— Tenez, voici son portrait. Il est un peu flatté. Sa figure n’est pas aussi claire, mais plus… chère, plus simple. Dans un instant, je vais vous montrer notre enfant qui dort à côté. C’est un garçon. Il s’appelle Angelo, comme son père, qui est en voyage à présent, très loin.

— Et vous êtes toute seule ? demanda le docteur distraitement, toujours encore penché sur le portrait.

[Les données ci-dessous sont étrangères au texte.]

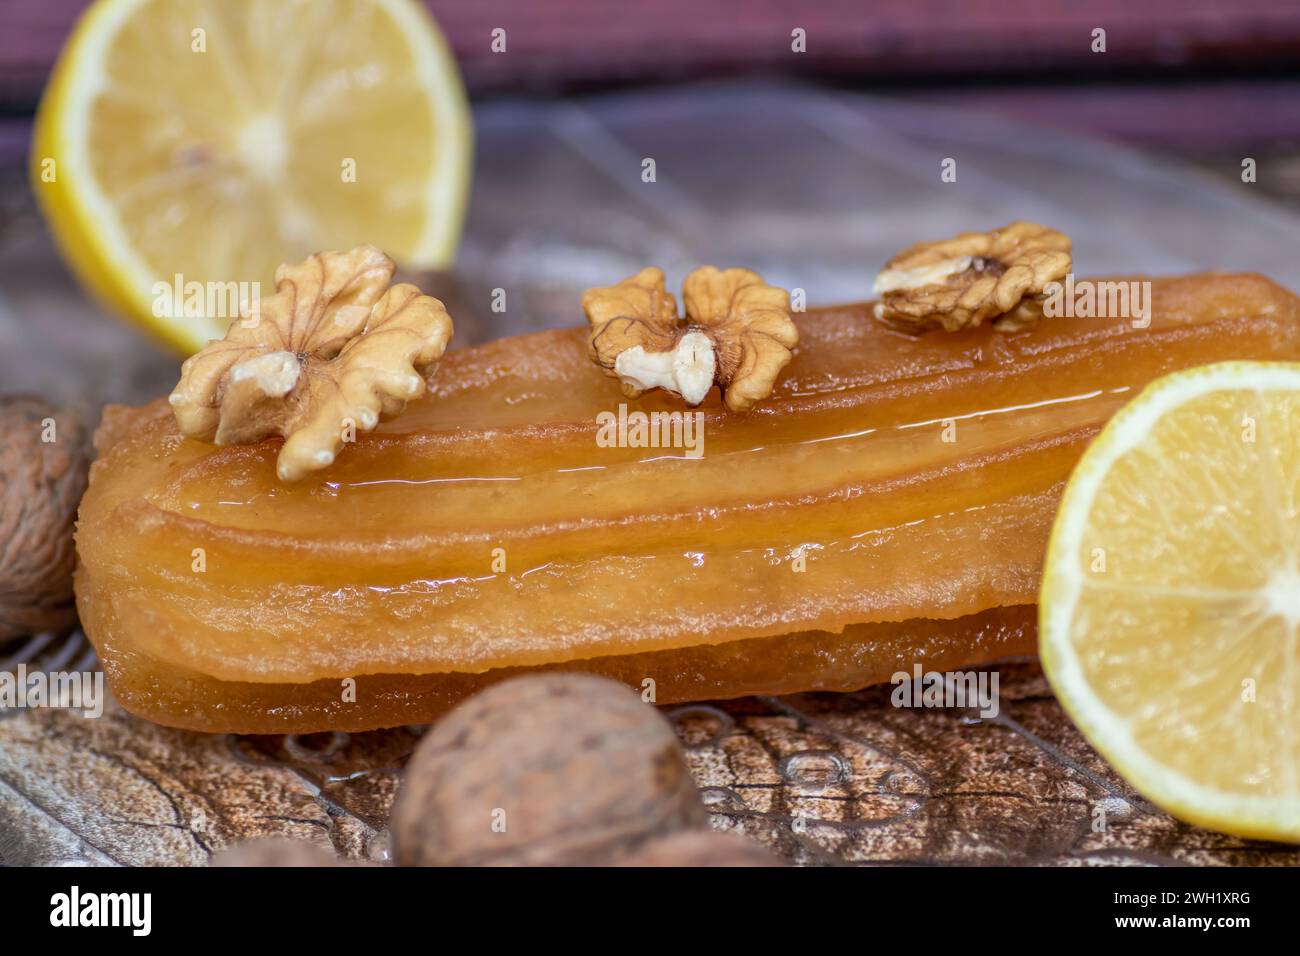 Türkischer süßer Kuchen namens Tulumba, serviert auf einem Teller mit Zitronenscheiben und Nüssen, auf einem massiven Holztisch Stockfoto

— Oui, moi et l’enfant. N’est-ce pas assez ? Je vais vous raconter pourquoi. Angelo est peintre. Son nom n’est pas très connu. Vous ne l’avez sans doute pas entendu. Jusqu’à ces derniers temps il a lutté, avec le monde, avec ses projets, avec lui-même, avec moi. Oui, avec moi aussi. Car depuis un an, je le suppliais : pars en voyage. Je sentais combien cela lui était nécessaire. Un jour il dit en plaisantant : « Moi, ou un enfant ». « Un enfant », dis-je, et il est parti.

— Et quand reviendra-t-il ?

— Quand l’enfant saura prononcer son nom, c’est ce que nous avons convenu.

Le docteur voulut faire une remarque. Mais Clara rit :

— Et comme c’est un nom difficile, nous devrons attendre quelque temps encore. Angelino n’aura deux ans que cet été.

— Étrange, dit le docteur.

— Quoi, Georg ?

— Que vous compreniez si bien la vie. Comme vous êtes grande, comme vous êtes jeune ! Qu’avez-vous donc fait de votre enfance ? Nous étions cependant tous deux, des enfants si dénués de tout. On ne peut pourtant pas changer, ou faire en sorte que cela n’ait pas été.